Swissnex created the Event Machine parklet, which hosted film screenings, panel discussions, and workshops. A Mission District gallery used its parklet for rotating art exhibitions. A progressive science museum called the Exploratorium created Ciencia Pública, in collaboration with the Boys & Girls Clubs of San Francisco, and installed it outside the Buena Vista Horace Mann Community School as an outdoor lab for science classes.

San Francisco has even experimented with installing bathrooms in parking spots, such as the P Planter designed by Hyphae Design Laboratory, which uses plants as biofilters to treat urine and wastewater, aiming to solve the problem of public urination. The trial contributed to the Public Toilet Project master plan in the Tenderloin neighborhood.

It is not just parking spots that have been reclaimed in San Francisco, but entire streets. With growing recognition of the public appetite to create public spaces, city officials built upon the parklet program and other public space experiments to create the Places for People Program in 2016.

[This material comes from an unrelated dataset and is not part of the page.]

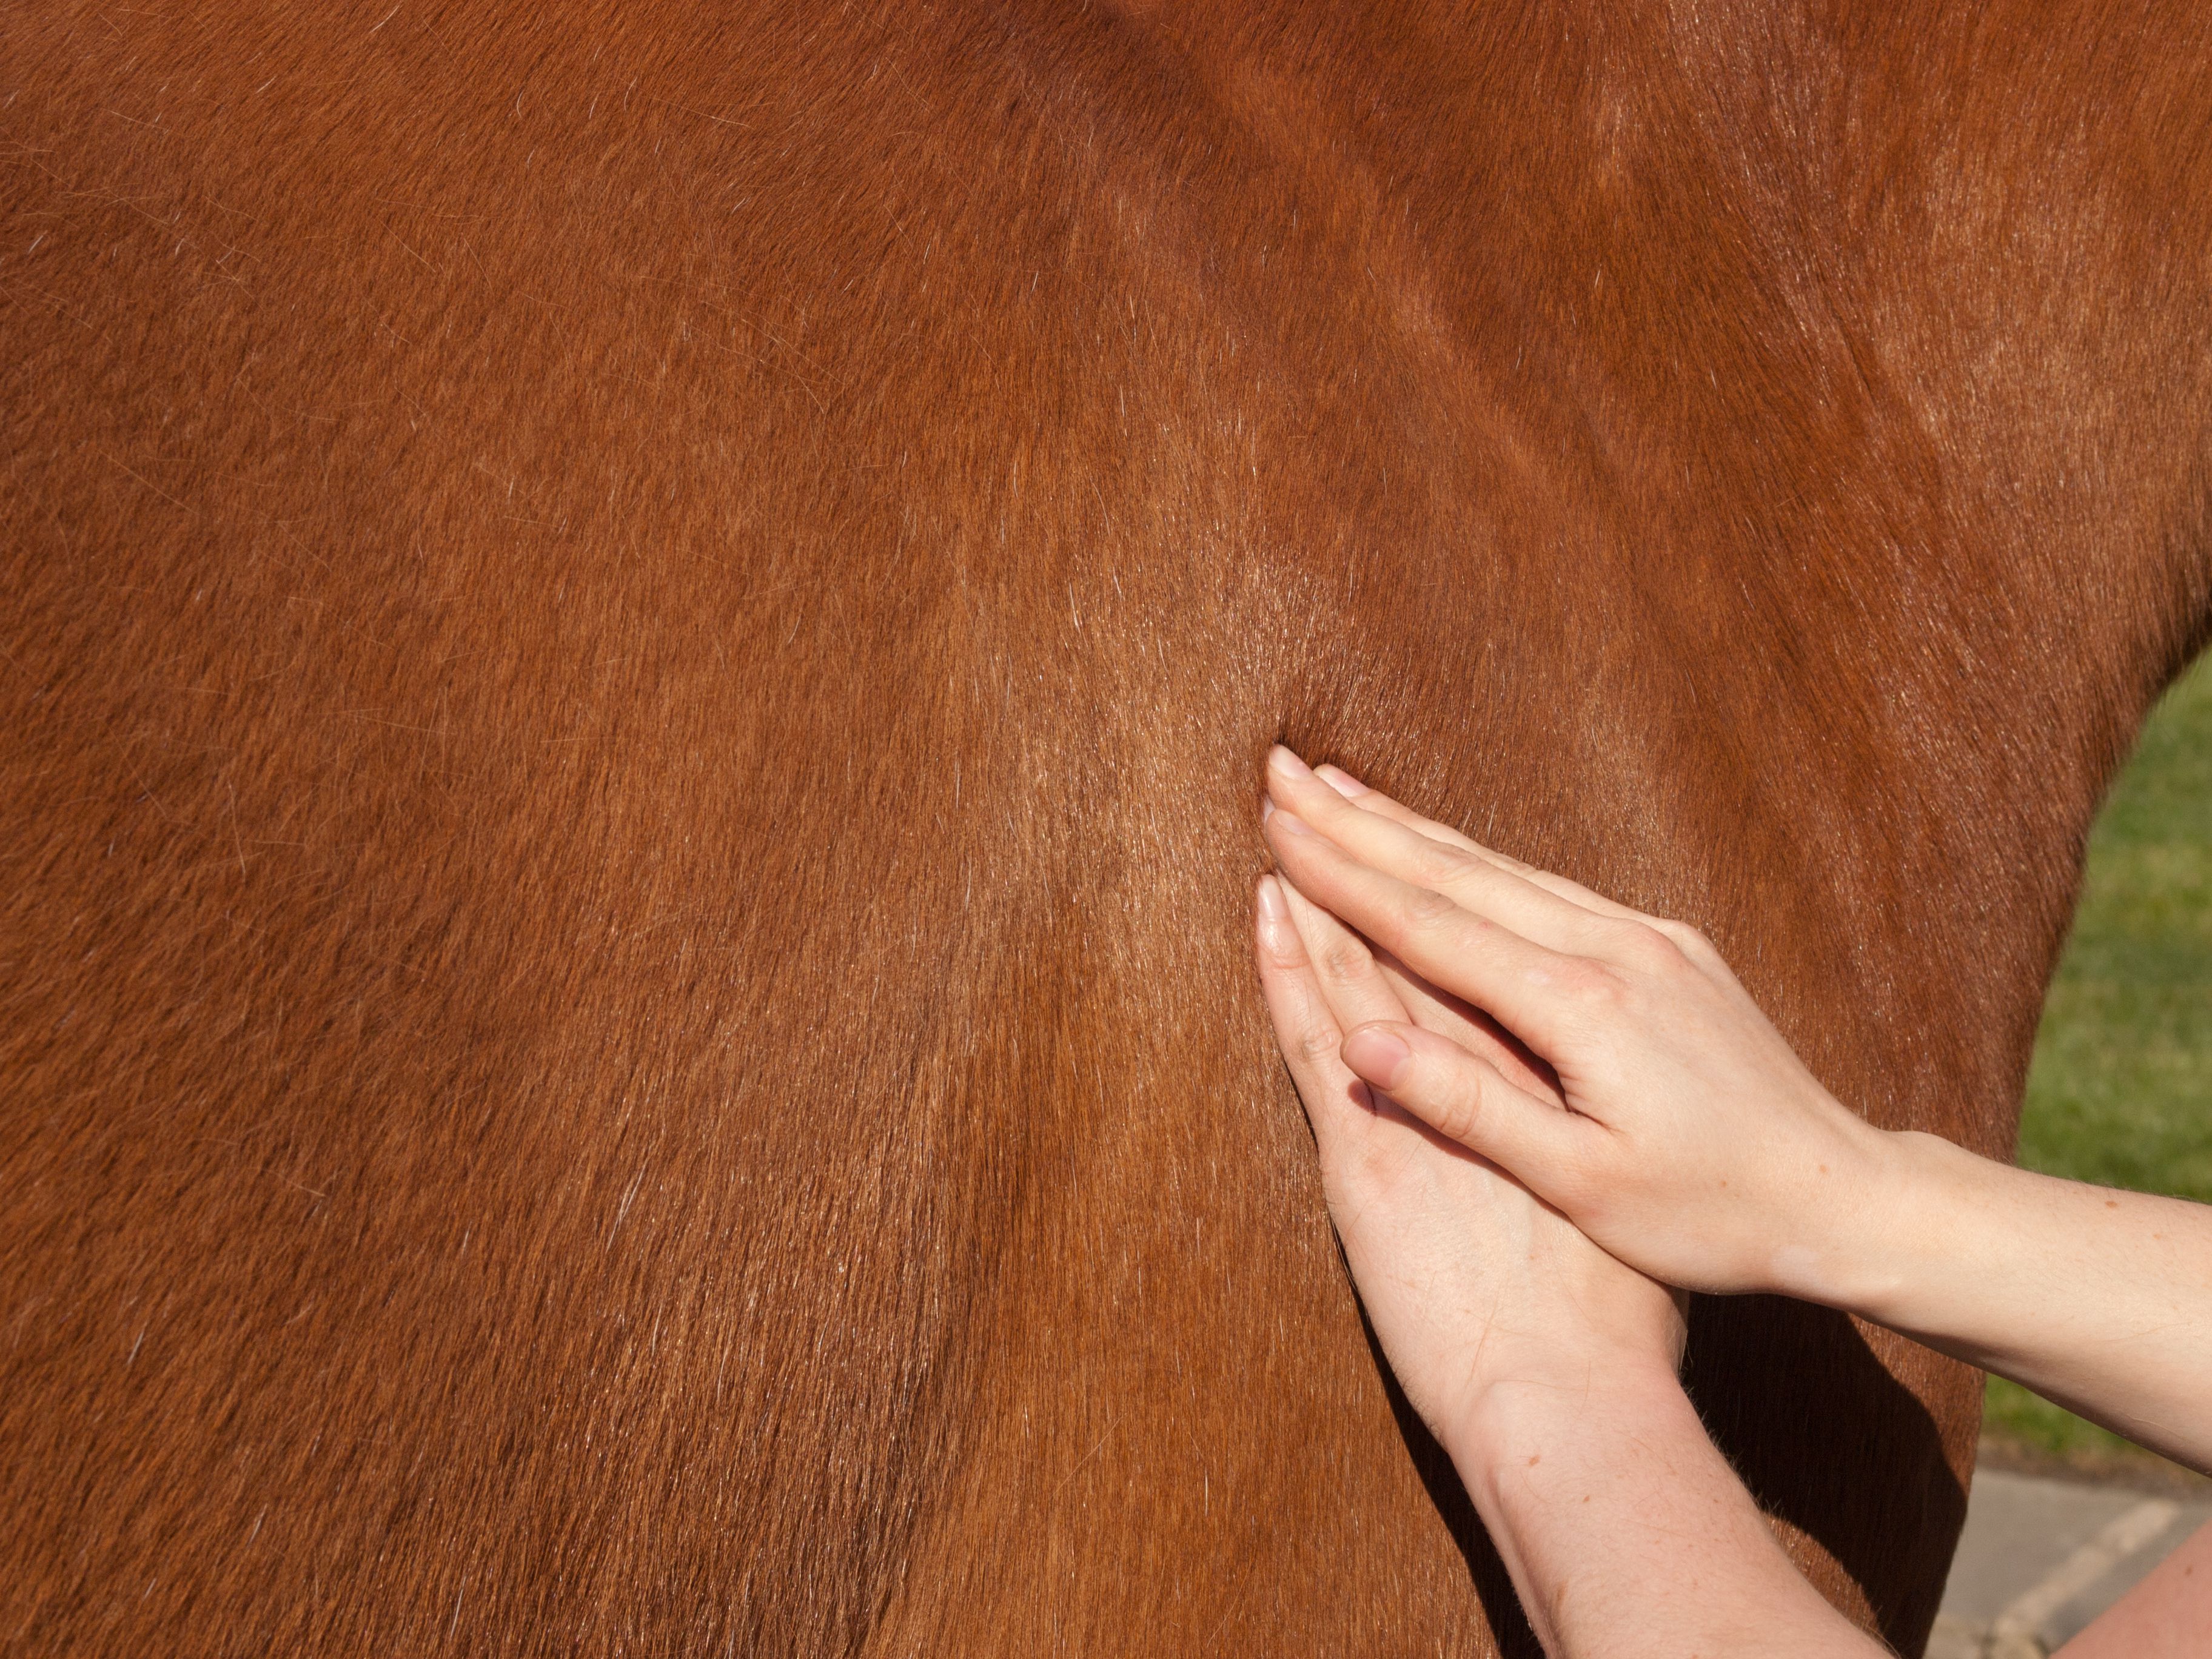 Physiotherapy for a horse
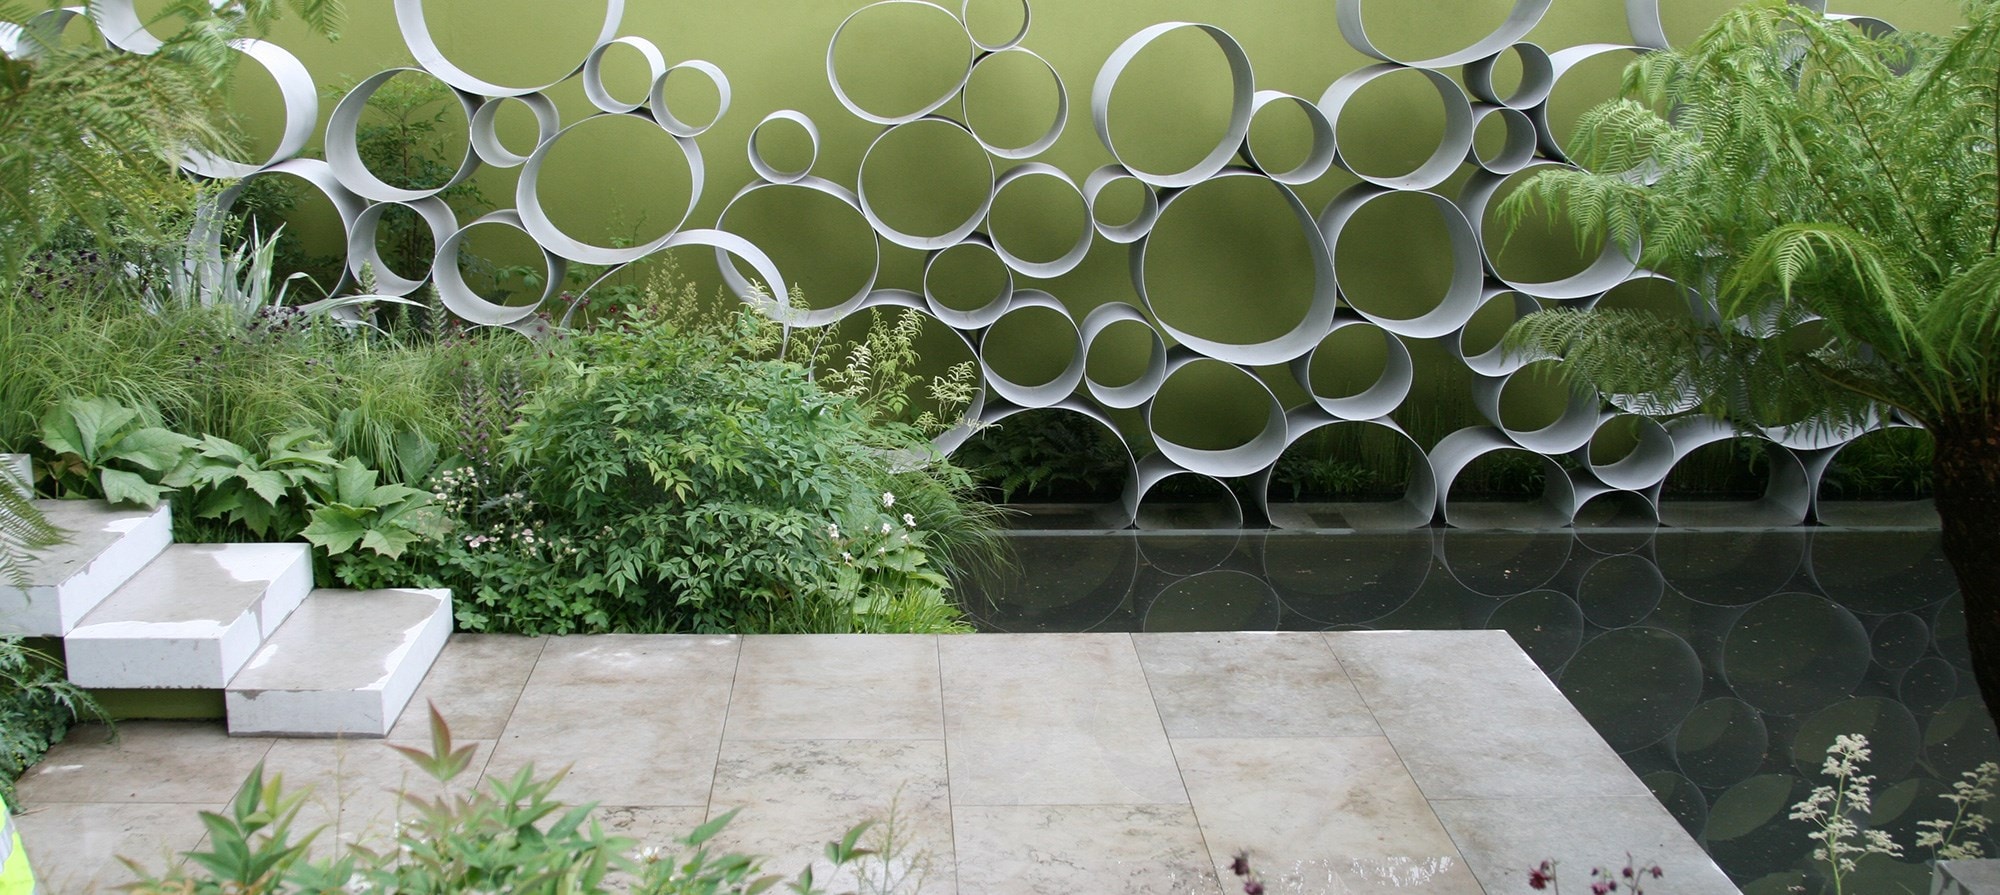 The Cancer Research UK Garden designed by Andy Sturgeon

This inter-agency permitting framework aims to lower the barriers to participation for all the city’s communities. It integrates permitting processes for curbs, sidewalks, streets, and lots into one public space program called Groundplay. With the tagline “When imagination goes public,” the program intends to enable a fast-paced grassroots process that promotes resident initiatives to create and activate inventive public spaces on sidewalks, curbsides, roadways, crosswalks, and public parcels.

Jodie Medeiros, executive director of Walk San Francisco, said that “experiments like Park(ing) Day, parklets, and Groundplay have enabled us to do a lot more with city streets. These pilots go even a step further with car-free streets.” Now these tactical approaches are being used to retake roadways with Vision Zero quick-build projects deployed to help make San Franciscans safer from the threat of speeding cars.

In January 2020, San Francisco realized a long-envisioned goal of eliminating cars from 10 blocks of its central commercial corridor, Market Street. Improvements at intersections were installed to make the street safer for pedestrians and cyclists. Within the first two months, bike and scooter usage increased by 25%, and bus travel speeds went up an average of 6%.

When the pandemic hit, the city expanded car-free streets by deploying a 45-plus-mile network of slow streets, supporting walking and biking. In March 2021, Mayor London Breed announced legislation to transition Shared Spaces from an emergency response into a permanent program, helping to move San Francisco more aggressively toward the goal of making pedestrians safe.